0
votes

I've created keras model to recognize human activity, based on data from mobile accelerometer:

model = Sequential()
model.add(Reshape((const.PERIOD, const.N_FEATURES), input_shape=(240,)))
model.add(Conv1D(100, 10, activation='relu', input_shape=(const.PERIOD, const.N_FEATURES)))
model.add(Conv1D(100, 10, activation='relu'))
model.add(MaxPooling1D(const.N_FEATURES))
model.add(Conv1D(160, 10, activation='relu'))
model.add(Conv1D(160, 10, activation='relu'))
model.add(Flatten())
model.add(Dropout(0.5))
model.add(Dense(7, activation='softmax'))
model.summary()
model.compile(loss='categorical_crossentropy', optimizer='adam', metrics=['accuracy'])

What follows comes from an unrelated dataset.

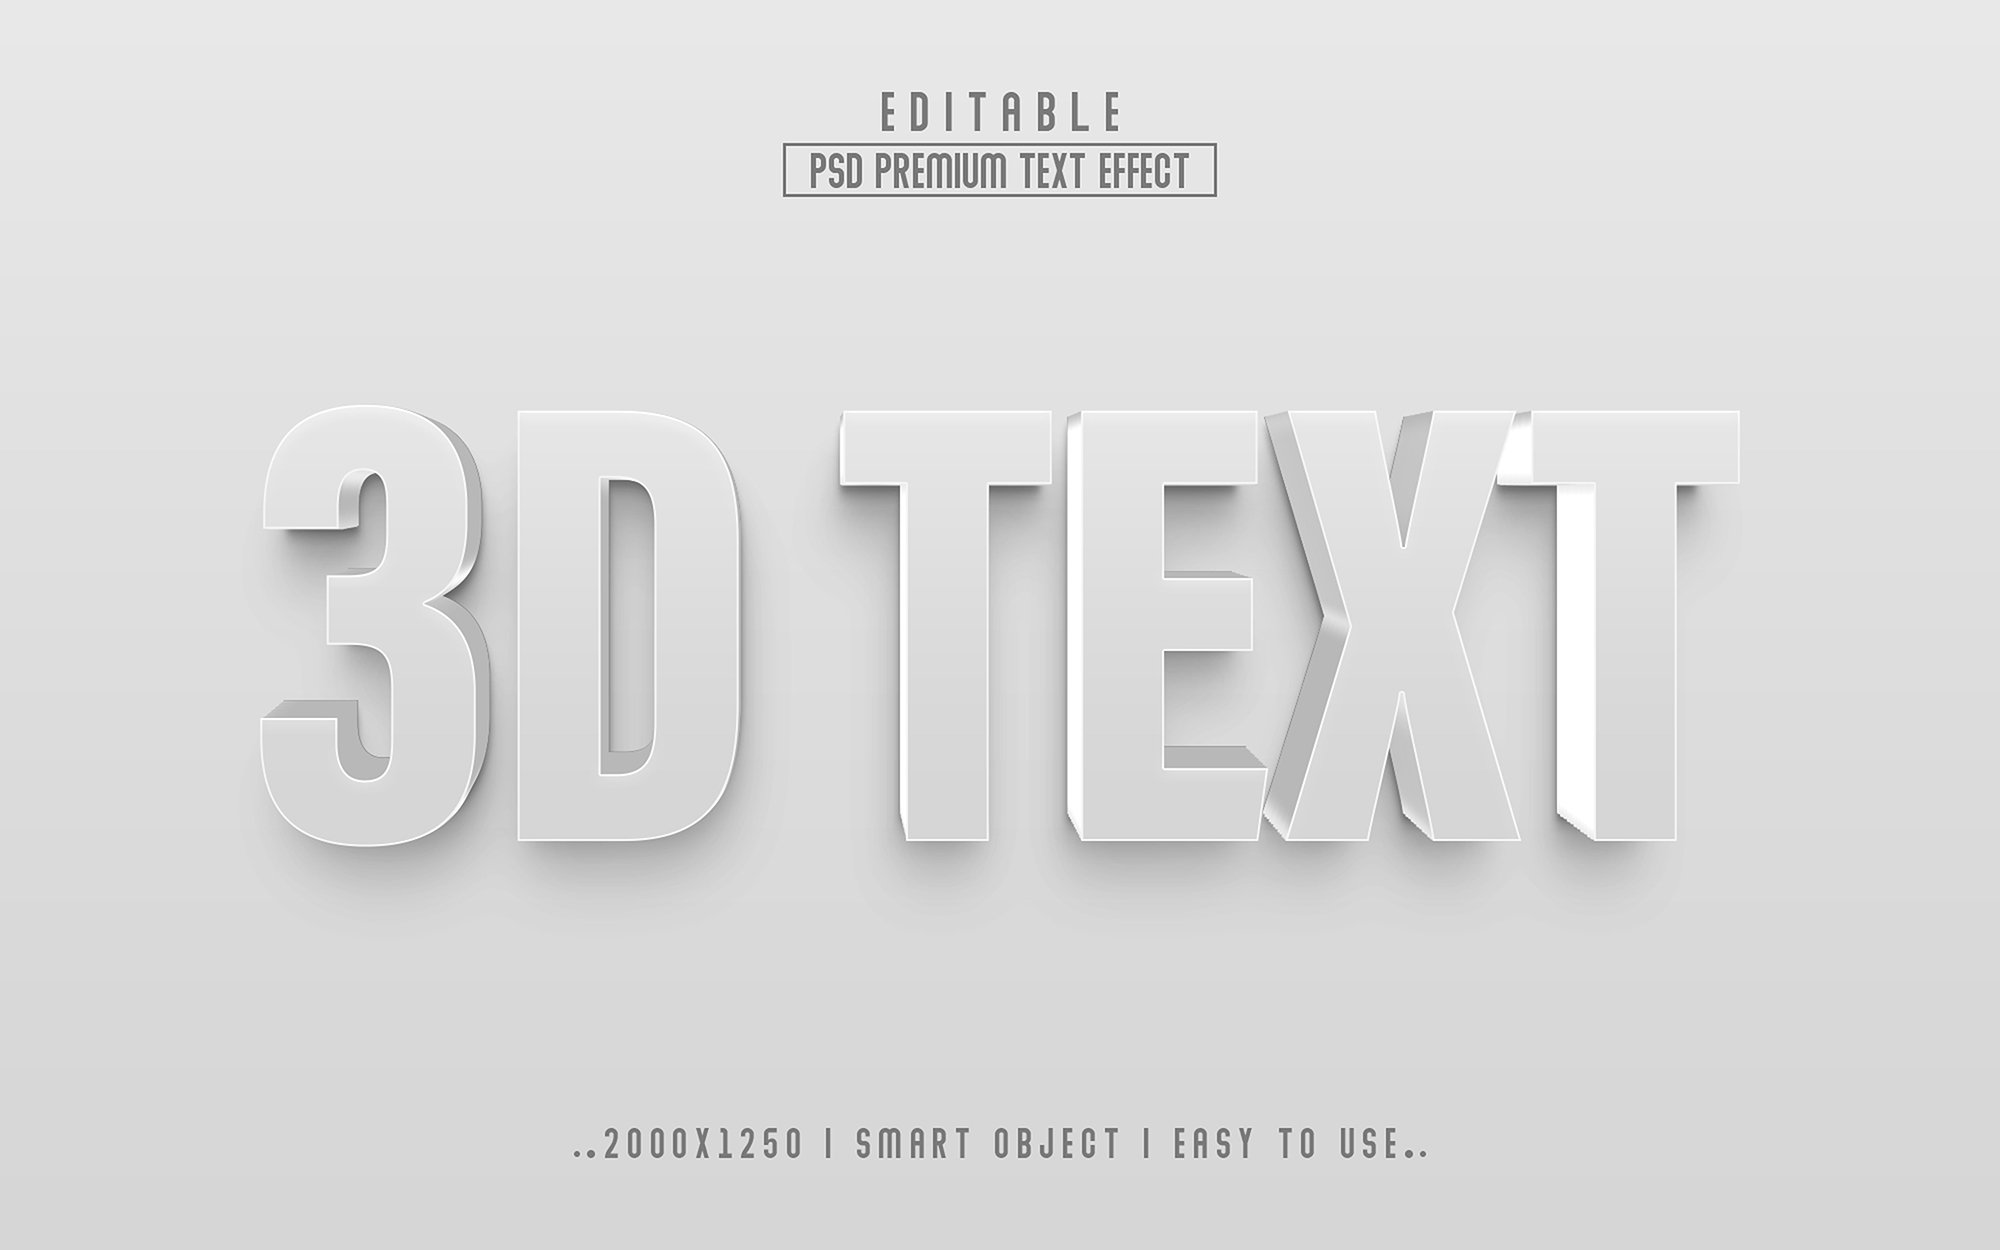 3D Text effect style templatecover image.

I've tested model, and the accuracy after ten epochs is like 85-90%. I don't know, but when I converse my model to TF Lite and I run interpreter in my android app, there's horrible predictions. What can be reason of that bad results? No compatibility on keras -> tensorflow -> tensorflow lite line? Should I run it with another way, using something like servlet + keras model?

1
You quickly jumped into your model, have you considered that it might be the training data? - Joe
But if it's the same phone, same acitivities, what can be wrong with the data? - yaw
The way I collect is the same for each of activity, i.e. holding in preffered position or in my pocket. - yaw

1 Answers

0
votes

A few suggestions:

  1. Try to visualize your tflite graph with https://lutzroeder.github.io/netron/. See if there's anything unexpected.
  2. Try to debug with tensorflow lite's python API first. Feed the same input to the keras model and tflite model and compare the output tensor.